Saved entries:
━━━

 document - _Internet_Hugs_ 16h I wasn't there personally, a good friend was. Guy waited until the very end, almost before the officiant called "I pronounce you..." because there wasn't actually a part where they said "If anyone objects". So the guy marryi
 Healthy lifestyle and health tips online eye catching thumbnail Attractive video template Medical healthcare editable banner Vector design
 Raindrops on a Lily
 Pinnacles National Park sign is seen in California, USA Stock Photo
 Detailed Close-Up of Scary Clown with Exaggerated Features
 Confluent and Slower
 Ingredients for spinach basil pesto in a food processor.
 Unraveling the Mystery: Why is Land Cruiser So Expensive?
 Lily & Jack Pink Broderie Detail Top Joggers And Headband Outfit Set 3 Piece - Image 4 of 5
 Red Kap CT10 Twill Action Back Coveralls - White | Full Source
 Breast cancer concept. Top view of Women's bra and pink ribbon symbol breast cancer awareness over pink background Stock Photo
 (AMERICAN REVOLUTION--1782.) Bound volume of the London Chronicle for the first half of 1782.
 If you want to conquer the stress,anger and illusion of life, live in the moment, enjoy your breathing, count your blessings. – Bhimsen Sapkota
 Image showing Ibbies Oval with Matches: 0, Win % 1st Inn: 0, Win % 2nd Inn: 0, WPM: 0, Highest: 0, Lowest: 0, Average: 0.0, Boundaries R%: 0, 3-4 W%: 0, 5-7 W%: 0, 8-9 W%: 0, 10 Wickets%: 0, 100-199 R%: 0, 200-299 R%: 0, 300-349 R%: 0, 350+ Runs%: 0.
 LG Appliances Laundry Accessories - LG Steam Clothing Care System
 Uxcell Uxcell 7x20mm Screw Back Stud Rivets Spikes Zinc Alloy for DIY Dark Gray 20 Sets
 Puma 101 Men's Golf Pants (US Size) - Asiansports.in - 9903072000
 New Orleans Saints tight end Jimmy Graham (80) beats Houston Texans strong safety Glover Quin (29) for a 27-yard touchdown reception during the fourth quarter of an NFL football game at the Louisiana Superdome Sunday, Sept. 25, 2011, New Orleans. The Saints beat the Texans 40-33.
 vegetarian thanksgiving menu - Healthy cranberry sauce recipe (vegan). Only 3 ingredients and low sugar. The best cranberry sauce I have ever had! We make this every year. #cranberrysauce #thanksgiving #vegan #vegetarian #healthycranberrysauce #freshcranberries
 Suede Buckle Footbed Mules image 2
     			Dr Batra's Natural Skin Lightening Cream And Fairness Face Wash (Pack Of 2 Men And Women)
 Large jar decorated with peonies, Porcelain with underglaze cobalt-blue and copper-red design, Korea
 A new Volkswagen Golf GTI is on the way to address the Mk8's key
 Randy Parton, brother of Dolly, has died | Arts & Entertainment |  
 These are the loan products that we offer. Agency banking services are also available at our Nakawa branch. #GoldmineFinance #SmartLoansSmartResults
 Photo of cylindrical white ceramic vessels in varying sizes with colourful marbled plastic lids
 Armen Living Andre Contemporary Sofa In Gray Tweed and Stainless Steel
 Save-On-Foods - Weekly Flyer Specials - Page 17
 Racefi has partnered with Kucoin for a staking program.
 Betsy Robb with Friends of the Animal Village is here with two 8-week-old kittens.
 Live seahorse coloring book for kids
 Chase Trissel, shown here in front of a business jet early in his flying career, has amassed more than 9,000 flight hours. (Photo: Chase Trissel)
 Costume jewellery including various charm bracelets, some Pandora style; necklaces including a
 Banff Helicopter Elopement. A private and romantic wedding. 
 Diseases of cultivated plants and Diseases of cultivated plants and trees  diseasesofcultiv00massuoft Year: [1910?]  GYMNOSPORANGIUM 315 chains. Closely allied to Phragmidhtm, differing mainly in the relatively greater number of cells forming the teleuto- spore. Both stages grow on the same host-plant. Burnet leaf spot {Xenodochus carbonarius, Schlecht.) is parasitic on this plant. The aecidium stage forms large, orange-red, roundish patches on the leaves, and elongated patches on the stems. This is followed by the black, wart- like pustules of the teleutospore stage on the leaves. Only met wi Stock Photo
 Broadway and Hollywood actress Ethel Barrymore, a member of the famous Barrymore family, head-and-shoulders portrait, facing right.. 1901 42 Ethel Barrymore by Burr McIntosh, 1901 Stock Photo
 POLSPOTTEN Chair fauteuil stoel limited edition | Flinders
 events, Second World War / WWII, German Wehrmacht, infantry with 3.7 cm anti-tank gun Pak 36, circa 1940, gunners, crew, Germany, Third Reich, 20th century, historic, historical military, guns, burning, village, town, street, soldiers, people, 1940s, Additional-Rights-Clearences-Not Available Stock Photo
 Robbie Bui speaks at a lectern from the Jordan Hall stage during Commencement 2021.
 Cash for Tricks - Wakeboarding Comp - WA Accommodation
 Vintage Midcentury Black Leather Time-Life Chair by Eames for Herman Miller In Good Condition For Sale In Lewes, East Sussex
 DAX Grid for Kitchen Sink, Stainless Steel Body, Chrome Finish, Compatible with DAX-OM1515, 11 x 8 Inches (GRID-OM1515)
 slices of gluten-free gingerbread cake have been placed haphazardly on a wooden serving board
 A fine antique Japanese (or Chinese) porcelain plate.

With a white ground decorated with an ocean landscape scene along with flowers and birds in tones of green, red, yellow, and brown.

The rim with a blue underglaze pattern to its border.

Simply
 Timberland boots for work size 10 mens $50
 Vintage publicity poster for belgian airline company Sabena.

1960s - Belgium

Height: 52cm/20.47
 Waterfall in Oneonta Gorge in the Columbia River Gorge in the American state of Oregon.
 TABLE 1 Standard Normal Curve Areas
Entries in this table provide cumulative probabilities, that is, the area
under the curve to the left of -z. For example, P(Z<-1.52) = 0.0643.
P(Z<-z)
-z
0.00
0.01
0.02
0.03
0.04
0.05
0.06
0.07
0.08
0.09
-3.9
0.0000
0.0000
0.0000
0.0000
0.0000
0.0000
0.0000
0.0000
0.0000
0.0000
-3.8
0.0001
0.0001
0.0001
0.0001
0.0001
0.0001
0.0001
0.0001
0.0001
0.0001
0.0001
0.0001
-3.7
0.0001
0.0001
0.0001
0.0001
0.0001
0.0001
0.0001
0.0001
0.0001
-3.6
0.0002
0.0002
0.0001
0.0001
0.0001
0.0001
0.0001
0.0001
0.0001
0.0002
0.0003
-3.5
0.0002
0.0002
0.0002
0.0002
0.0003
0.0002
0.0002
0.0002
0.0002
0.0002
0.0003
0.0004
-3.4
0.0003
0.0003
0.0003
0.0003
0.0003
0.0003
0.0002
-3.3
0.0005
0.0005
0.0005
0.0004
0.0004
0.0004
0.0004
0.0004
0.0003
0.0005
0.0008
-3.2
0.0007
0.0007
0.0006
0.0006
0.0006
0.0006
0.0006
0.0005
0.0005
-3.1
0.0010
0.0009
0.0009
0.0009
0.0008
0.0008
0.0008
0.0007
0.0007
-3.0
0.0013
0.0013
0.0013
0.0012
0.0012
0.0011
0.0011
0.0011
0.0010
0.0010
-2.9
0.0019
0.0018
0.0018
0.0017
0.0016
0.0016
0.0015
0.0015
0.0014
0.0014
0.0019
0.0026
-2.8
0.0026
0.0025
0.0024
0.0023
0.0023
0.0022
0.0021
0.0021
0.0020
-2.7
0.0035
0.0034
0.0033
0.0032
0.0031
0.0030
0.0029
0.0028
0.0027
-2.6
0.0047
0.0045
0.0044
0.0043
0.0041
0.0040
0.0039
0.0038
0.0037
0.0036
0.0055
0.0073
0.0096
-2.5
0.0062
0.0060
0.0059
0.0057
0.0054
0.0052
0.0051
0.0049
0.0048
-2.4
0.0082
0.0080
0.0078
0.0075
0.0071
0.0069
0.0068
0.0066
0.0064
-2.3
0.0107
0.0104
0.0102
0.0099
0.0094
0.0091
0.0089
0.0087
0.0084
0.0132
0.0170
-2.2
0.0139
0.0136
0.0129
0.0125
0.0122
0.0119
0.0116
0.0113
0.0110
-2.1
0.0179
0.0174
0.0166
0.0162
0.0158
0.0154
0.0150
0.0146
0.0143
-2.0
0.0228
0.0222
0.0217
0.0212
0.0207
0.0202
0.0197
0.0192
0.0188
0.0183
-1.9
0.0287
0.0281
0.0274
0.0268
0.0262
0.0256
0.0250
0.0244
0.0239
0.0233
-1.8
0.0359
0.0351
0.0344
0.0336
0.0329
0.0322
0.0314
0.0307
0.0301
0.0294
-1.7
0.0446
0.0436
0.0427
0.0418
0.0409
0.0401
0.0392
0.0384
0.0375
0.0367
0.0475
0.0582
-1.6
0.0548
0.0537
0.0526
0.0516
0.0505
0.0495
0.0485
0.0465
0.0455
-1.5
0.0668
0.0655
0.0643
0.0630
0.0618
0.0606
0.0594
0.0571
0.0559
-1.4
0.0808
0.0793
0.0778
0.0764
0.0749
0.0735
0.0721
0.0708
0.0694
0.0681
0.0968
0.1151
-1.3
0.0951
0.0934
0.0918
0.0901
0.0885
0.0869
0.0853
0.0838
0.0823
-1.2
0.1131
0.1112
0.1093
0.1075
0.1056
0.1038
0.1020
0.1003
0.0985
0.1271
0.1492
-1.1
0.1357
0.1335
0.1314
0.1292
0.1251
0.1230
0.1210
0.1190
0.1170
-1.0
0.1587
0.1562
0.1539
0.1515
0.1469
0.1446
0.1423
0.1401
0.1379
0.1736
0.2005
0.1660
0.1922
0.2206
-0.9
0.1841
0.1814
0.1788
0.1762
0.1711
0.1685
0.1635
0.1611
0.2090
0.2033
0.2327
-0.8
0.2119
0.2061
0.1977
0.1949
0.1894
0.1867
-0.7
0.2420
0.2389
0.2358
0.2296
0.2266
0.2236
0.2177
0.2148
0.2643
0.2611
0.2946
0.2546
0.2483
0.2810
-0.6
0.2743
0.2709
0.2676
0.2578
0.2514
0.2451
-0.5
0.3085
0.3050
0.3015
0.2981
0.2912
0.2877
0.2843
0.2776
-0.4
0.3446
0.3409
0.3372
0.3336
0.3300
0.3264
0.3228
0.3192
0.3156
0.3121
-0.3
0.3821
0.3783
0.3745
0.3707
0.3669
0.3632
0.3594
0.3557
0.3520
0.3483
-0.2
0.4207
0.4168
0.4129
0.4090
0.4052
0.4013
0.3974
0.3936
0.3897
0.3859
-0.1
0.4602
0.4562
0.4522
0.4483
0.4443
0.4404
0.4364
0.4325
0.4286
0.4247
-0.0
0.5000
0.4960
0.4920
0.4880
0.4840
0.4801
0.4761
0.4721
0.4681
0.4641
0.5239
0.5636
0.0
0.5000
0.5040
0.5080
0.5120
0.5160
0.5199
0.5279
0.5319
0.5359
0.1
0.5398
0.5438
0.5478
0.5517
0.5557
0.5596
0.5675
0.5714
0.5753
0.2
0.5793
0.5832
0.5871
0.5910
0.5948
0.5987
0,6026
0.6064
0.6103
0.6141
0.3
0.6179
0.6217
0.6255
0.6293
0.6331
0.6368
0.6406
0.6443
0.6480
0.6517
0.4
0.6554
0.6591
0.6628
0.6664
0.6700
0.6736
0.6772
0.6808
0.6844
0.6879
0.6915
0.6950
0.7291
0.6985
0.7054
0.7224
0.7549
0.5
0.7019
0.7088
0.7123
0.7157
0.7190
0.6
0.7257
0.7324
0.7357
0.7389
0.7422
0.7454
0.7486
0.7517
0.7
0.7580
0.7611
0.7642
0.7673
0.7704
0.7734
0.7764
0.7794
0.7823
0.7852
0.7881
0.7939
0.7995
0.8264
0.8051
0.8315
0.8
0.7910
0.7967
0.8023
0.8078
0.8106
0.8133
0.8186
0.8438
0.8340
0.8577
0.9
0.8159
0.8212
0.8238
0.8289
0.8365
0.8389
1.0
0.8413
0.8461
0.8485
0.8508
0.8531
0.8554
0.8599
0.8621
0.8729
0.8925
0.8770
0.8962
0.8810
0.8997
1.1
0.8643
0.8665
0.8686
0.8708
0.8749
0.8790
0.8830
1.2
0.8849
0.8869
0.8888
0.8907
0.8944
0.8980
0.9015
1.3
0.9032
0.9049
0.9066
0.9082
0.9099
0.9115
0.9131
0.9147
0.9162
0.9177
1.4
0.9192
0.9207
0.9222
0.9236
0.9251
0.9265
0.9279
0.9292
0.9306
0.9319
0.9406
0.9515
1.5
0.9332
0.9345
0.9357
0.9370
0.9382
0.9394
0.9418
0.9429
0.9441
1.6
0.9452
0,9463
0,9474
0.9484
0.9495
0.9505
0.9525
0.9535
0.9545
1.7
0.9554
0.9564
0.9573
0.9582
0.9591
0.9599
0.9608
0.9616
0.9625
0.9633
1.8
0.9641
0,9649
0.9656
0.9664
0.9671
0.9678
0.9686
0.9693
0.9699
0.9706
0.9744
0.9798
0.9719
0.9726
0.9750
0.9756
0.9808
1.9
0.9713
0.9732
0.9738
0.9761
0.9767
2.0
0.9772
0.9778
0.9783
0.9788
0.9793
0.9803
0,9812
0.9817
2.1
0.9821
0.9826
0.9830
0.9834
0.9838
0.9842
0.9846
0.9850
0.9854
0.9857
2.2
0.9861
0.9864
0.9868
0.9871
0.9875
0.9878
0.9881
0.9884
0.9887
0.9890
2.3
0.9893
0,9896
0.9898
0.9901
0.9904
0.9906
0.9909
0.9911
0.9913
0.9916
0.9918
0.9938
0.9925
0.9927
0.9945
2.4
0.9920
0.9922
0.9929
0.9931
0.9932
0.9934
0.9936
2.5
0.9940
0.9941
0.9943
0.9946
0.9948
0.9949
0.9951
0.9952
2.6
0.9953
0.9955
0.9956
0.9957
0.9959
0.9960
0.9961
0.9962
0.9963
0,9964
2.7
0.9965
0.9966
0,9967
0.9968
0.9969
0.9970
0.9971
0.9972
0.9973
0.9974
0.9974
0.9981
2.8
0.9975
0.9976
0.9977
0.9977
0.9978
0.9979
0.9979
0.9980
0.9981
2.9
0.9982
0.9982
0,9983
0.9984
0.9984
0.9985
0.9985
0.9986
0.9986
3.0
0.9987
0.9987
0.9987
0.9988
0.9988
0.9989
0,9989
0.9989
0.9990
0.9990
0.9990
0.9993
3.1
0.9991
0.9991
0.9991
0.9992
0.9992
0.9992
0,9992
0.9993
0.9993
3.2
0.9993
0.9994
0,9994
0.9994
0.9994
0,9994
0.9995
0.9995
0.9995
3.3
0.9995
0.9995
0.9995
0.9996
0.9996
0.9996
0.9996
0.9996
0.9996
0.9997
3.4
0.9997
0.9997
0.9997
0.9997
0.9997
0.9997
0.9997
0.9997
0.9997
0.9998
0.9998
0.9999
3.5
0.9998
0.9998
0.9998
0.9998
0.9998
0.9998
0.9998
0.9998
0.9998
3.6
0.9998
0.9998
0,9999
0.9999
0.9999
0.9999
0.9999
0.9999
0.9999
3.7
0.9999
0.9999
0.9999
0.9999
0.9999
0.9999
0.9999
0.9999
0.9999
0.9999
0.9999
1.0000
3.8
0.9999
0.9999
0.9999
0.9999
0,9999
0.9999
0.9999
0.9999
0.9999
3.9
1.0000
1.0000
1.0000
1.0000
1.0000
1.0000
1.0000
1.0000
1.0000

━━━

**Exercise:** Lines above that have "design": copy each of them.

**Task output:**
 Healthy lifestyle and health tips online eye catching thumbnail Attractive video template Medical healthcare editable banner Vector design
 Large jar decorated with peonies, Porcelain with underglaze cobalt-blue and copper-red design, Korea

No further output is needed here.